The ongoing legal feud between ousted Tata Sons chairman Cyrus Mistry and India’s most-respected conglomerate is set to intensify in the coming weeks with Mistry prepping to appeal the National Company Law Tribunal (NCLT) verdict that went against him.

The Mumbai bench of the NCLT dismissed petitions filed by the Mistry family, which reportedly owns some 18.3 percent of Tata Sons. Those petitions alleged oppression, of minority shareholders, and questioned the corporate governance standards of the nation’s largest corporate entity. The bench also ruled that the Board of Directors at Tata Sons was “competent” to remove the executive chairperson of the company.

The Mistry-Tatas fracas raises two questions – Do existing corporate governance standards protect the interests of minority shareholders? And, should the buck stop with the boards of companies, empowered to sack a chairperson?

“The issue here is of corporate governance and the manner in which Mistry was sacked,” Shriram Subhramanian of Ingovern, a proxy advisory, and corporate governance firm, told Firstpost.

“The Board may be competent enough to oust a chairperson, but then on what basis is competence measured? That’s not clear,” Subhramanian said. If the Tata Sons board’s manner of working were to be emulated by other company boards and deemed ‘competent’, then issues of mismanagement, favouritism, among others, will never surface.

“That is the issue. One needs to look into the details of the parameters used to measure competence,” he added.

“[The matter] points to the issue of [the rights of] minority shareholders. Mistry’s family owns a little over 18 percent of Tata Sons, which is majority owned by Tata Trusts. But does that take away his right as a minority shareholder is a moot point?” according to N Chandramouli, CEO, TRA Research, a brands insights company, formerly Trust Research Advisory.

“It is not a Cyrus Mistry versus Ratan Tata issue but primarily an issue of the rights of minority shareholders and a CEO who was summarily sacked,” said an analyst, on condition of anonymity.

Final call

The question staring corporate India in the face is: For how long can you question the decision of a Board and where will the finality result, said Shailesh Haribhakti, a corporate governance expert and the chairman of auditing firm Desai Haribhakti.

That apart, there are these two questions about the nature of the relationship between a board and a CEO and the relationship between the board, a highly influential shareholder, and the CEO – two sets of relationships that need to be scrutinised, said Haribhakti.

Insignificant holding?

The Companies Act mandates that a petitioner should hold at least one-tenth of the issued share capital of a company or represent 10 percent of the total number of members to file cases alleging mismanagement and oppression of minority shareholders.

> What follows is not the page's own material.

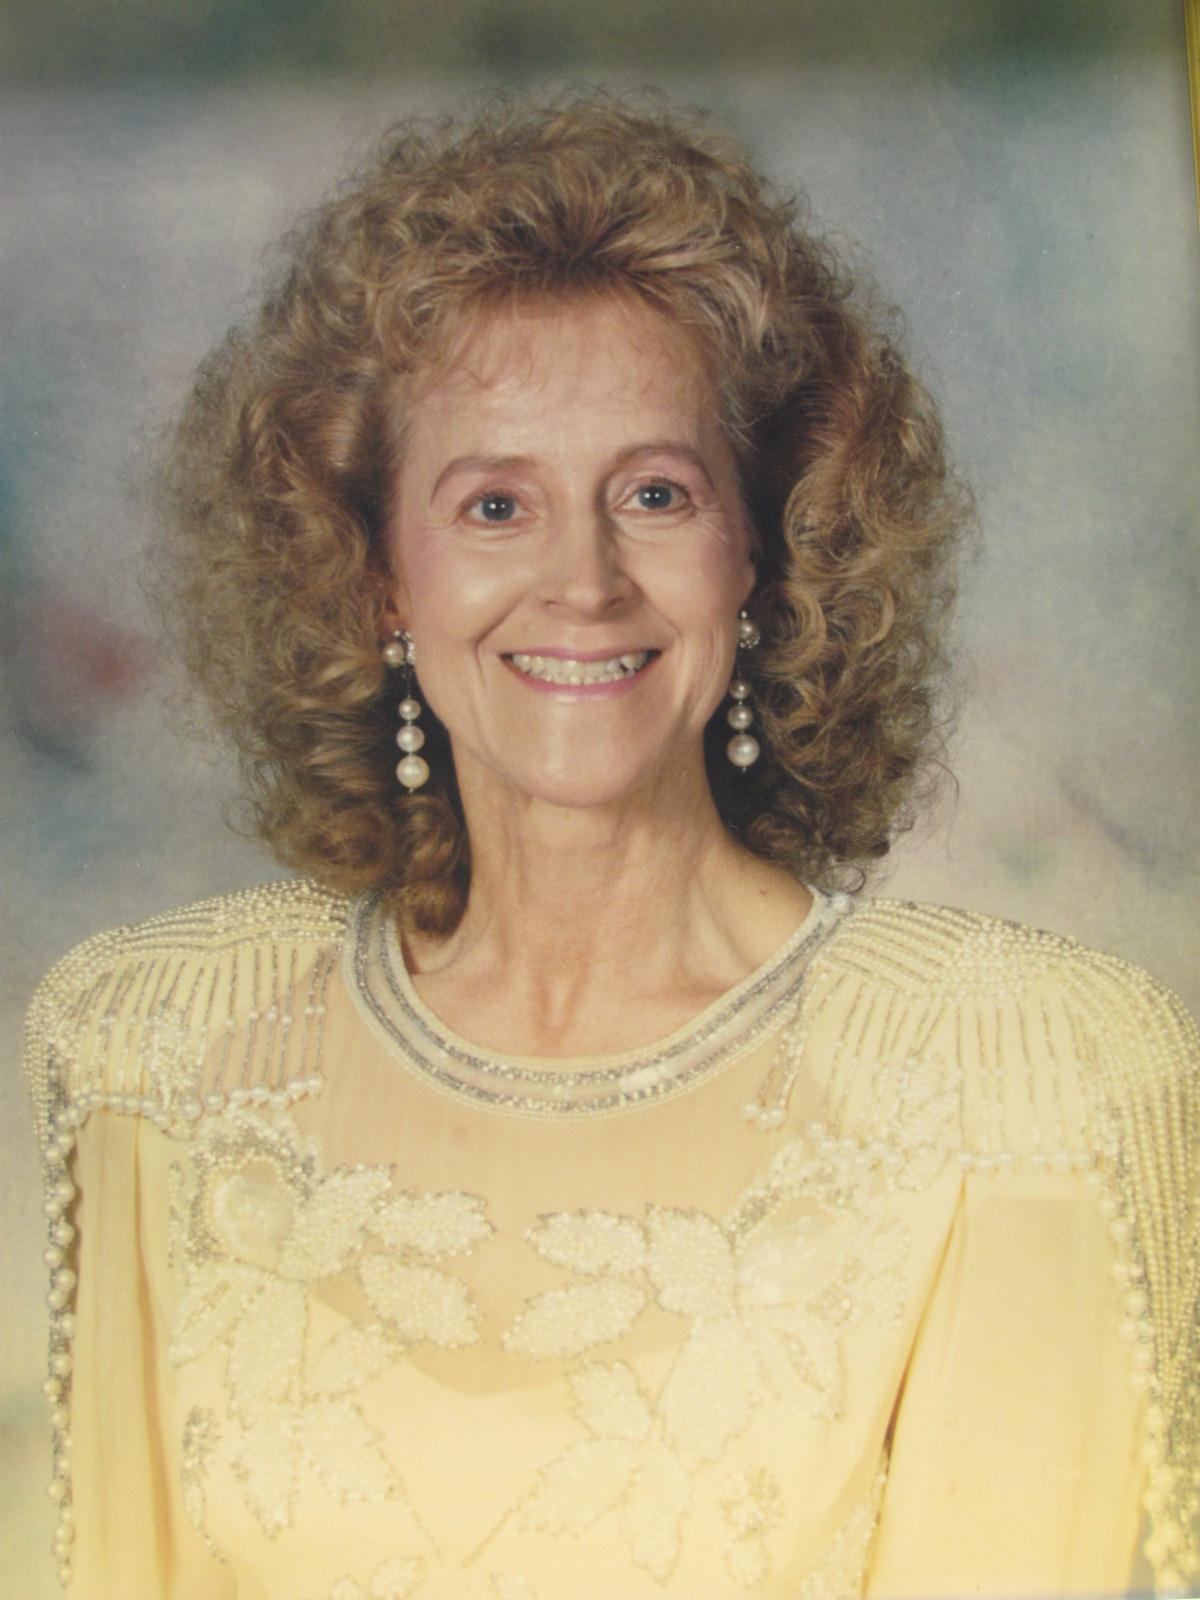 Janice L. Miller, age 77, of Huntingburg

While the Mistry family owns around 18.3 percent of the closely-held Tata Sons, that holding reduces to less than three percent if preferential shares are excluded.

After he was ousted, in October 2016, Mistry and his family-run investment firm moved the NCLT, which had initially dismissed his petition, saying his under 10 percent ownership did not make him a minority shareholder. Mistry, however challenged the verdict at the National Company Law Appellate Tribunal (NCLAT), which waived the minimum ownership norms and asked the Mumbai bench to hear his plea afresh.

Therefore, what needs to be ‘fundamentally’ clarified is the definition of 10 percent holding, according to Haribhakti. “Is it 10 percent, or two companies that you hold together constitute 10 percent?”

The legal battle

Ratan Tata termed the NCLT verdict a ‘vindication’ of the actions that Tata Sons felt obliged to take in October 2016. Not many agree. “[The NCLT] verdict neither vindicates nor affirms anything,” said Chandramouli. “It is an ongoing battle. There are huge stakes in it for Tata Sons and their right to have ousted him legally,” said Chandramouli.

Mistry is trying to protect his own sense of self-worth, destiny and his ability to do something worthwhile with his family’s roughly 18 percent stake in Tata Sons, while Ratan Tata is seeking to protect the group’s aura, the Tata brand and his personal standing in society. There are many issues that the conflict raises. “They need to be addressed but instead the debate is getting lost in the noise of who lost and who won. That is not the conclusion,” said Haribhakti.

“In any [court] case, of an individual versus an organisation, seldom has the former won,” said an analyst.

However, the legal tussle will be tracked closely by both experts and the industry, who expect the row to spawn a new framework that will drive corporate boards and all those who serve on them.